- What you need to do: Every line from the one with "If your heart" up to and including the one with "Role of Admission" is to be output exactly as it appears below; pictures are not.

- Input:
···
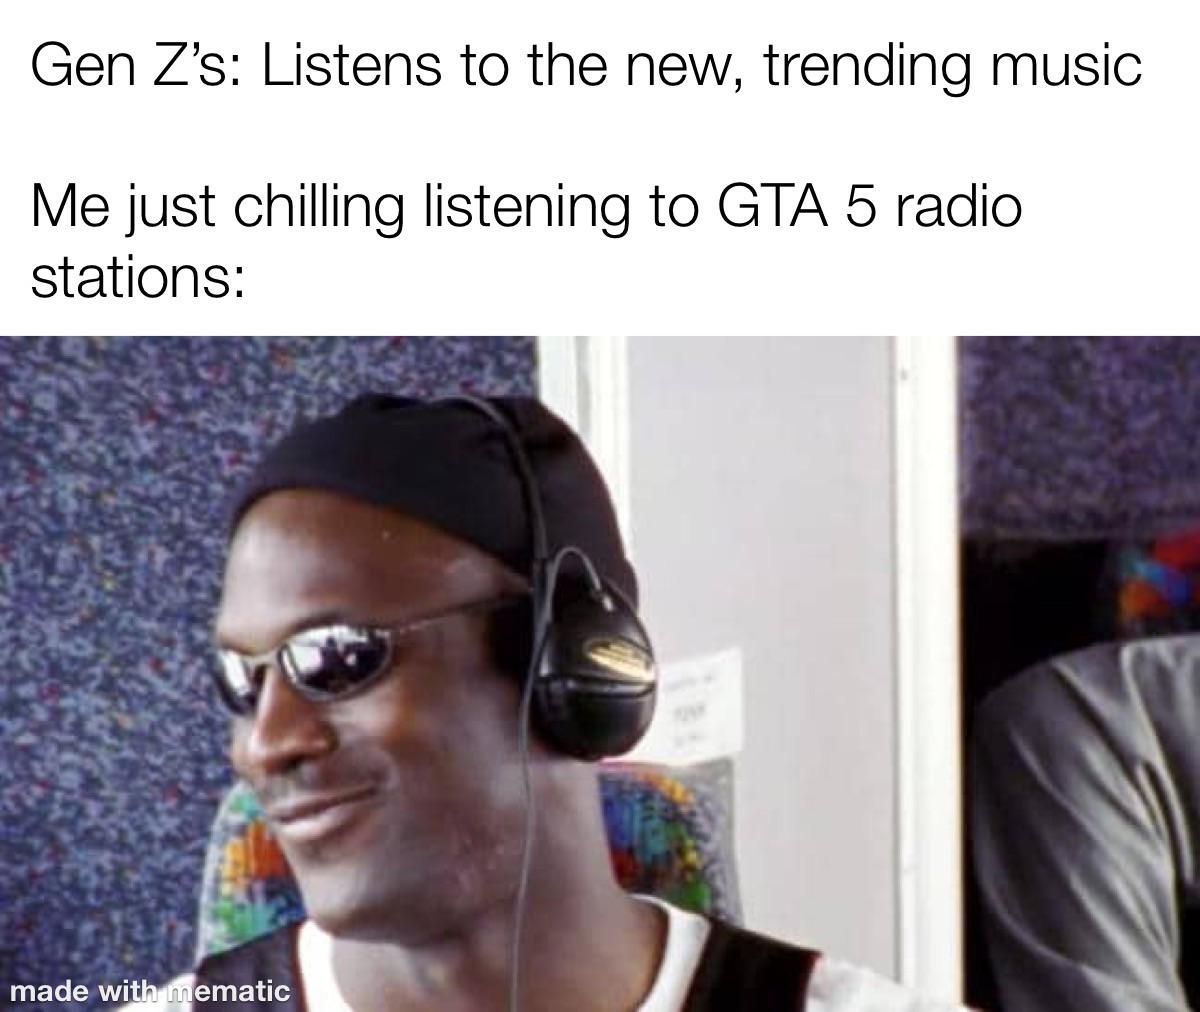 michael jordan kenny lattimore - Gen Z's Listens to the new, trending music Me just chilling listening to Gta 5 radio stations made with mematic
···
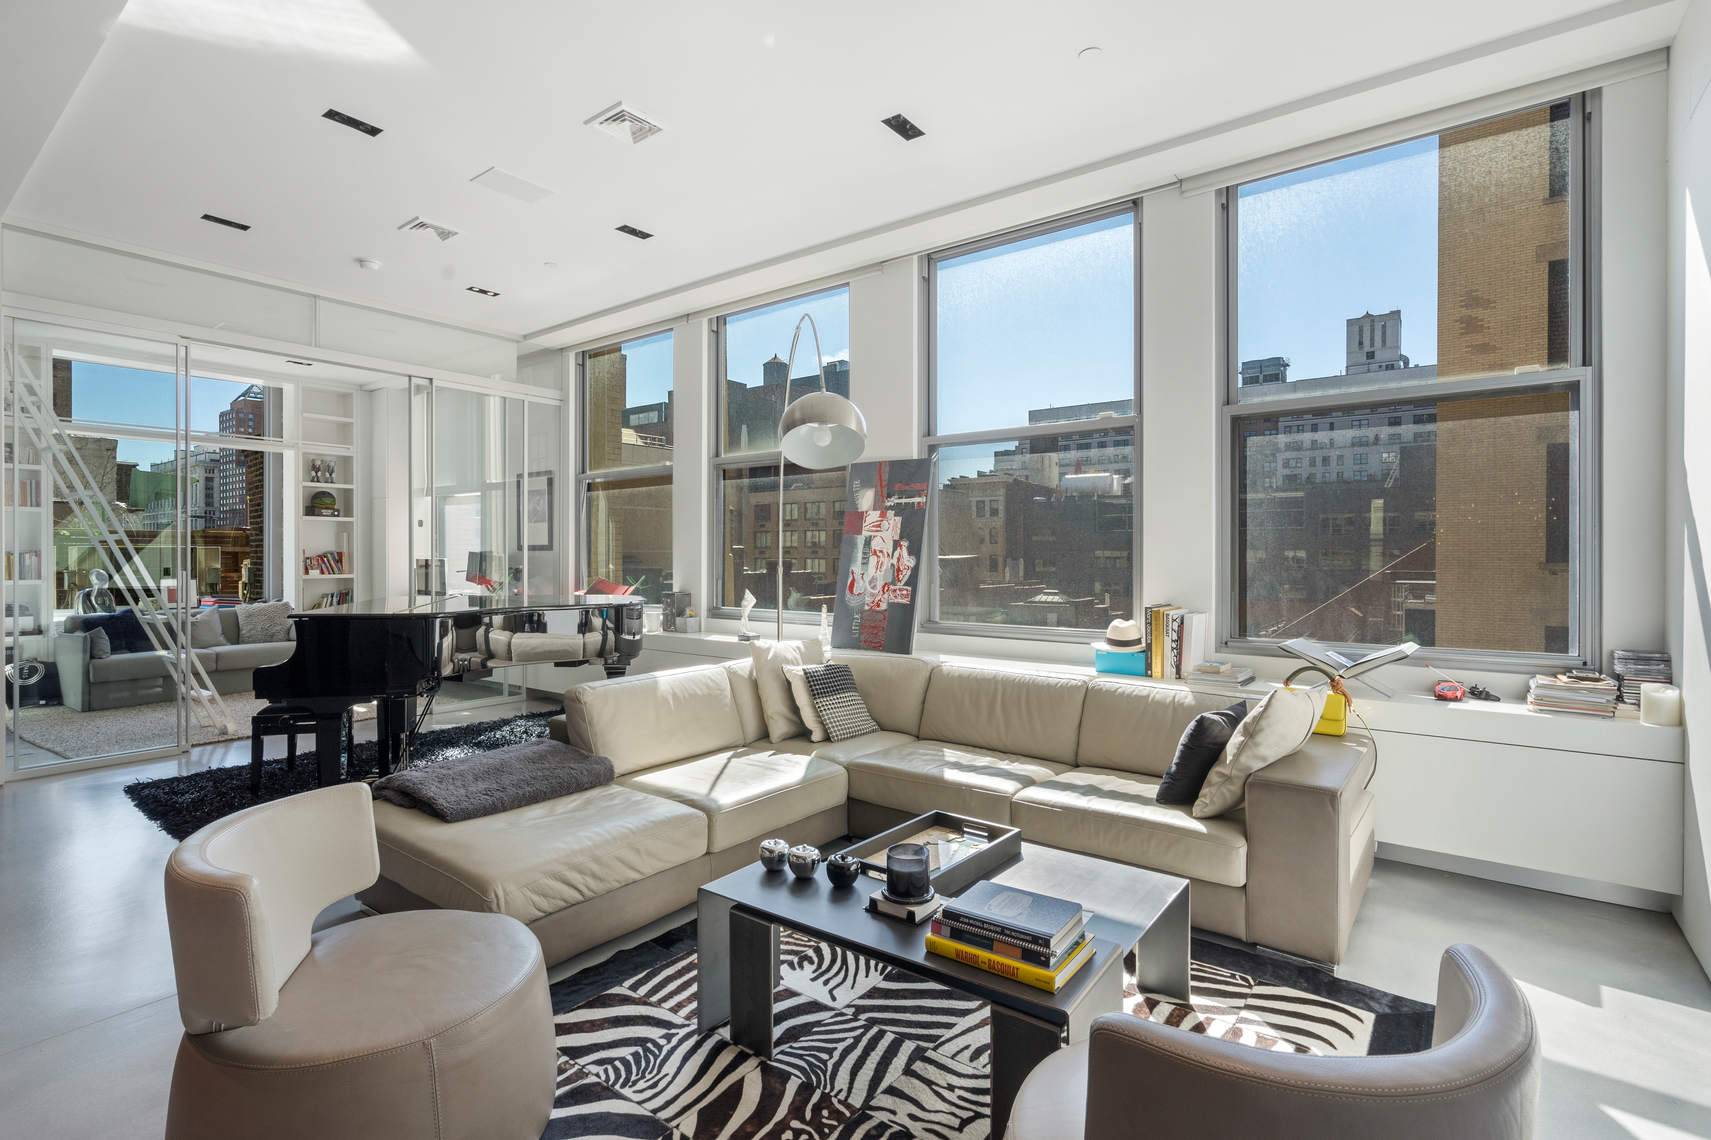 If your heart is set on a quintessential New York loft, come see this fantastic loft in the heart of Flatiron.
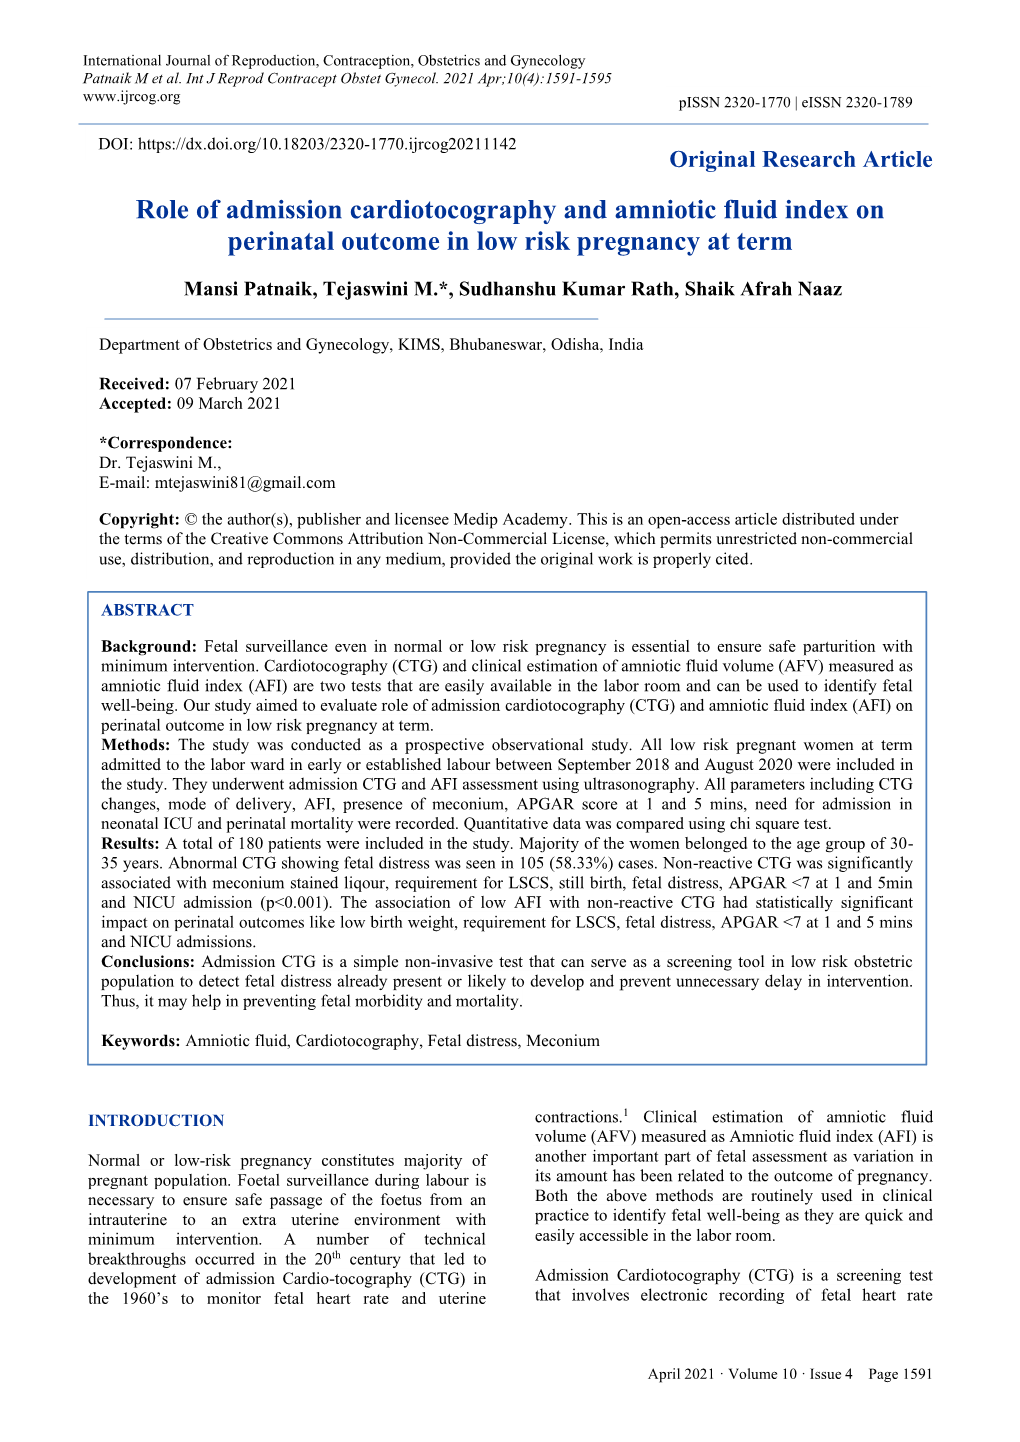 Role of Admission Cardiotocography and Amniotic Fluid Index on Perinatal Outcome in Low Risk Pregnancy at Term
···
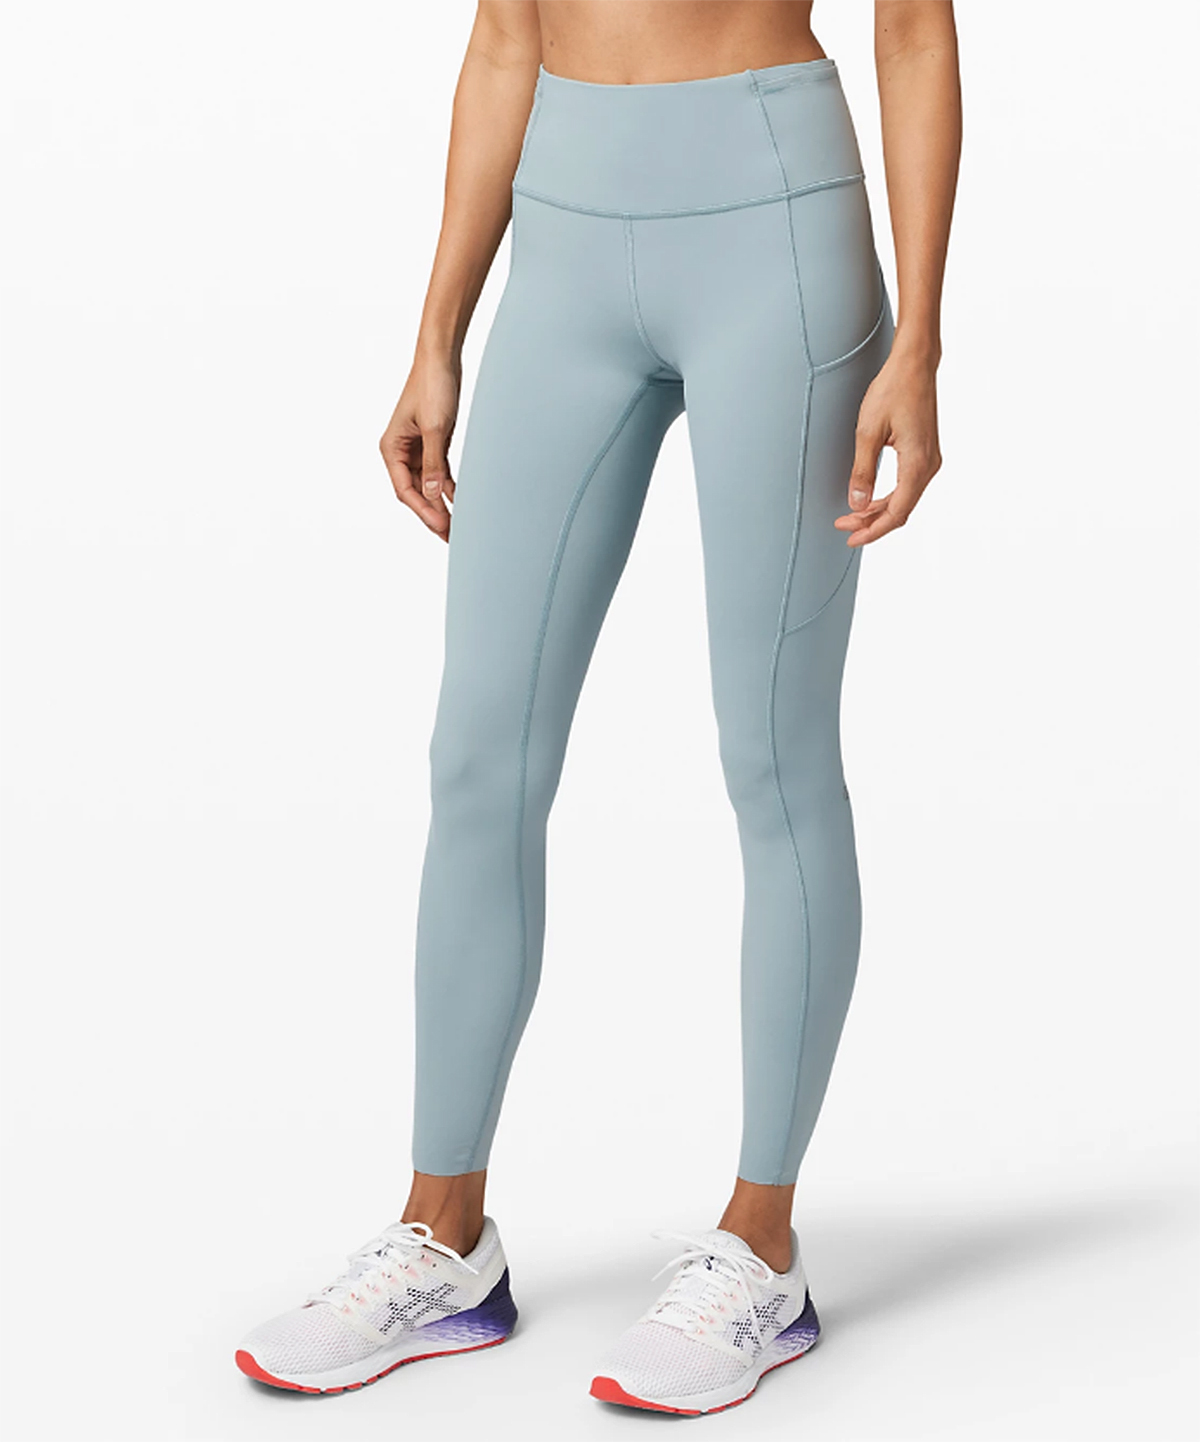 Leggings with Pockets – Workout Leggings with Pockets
···
- Response box:
 If your heart is set on a quintessential New York loft, come see this fantastic loft in the heart of Flatiron.
 Role of Admission Cardiotocography and Amniotic Fluid Index on Perinatal Outcome in Low Risk Pregnancy at Term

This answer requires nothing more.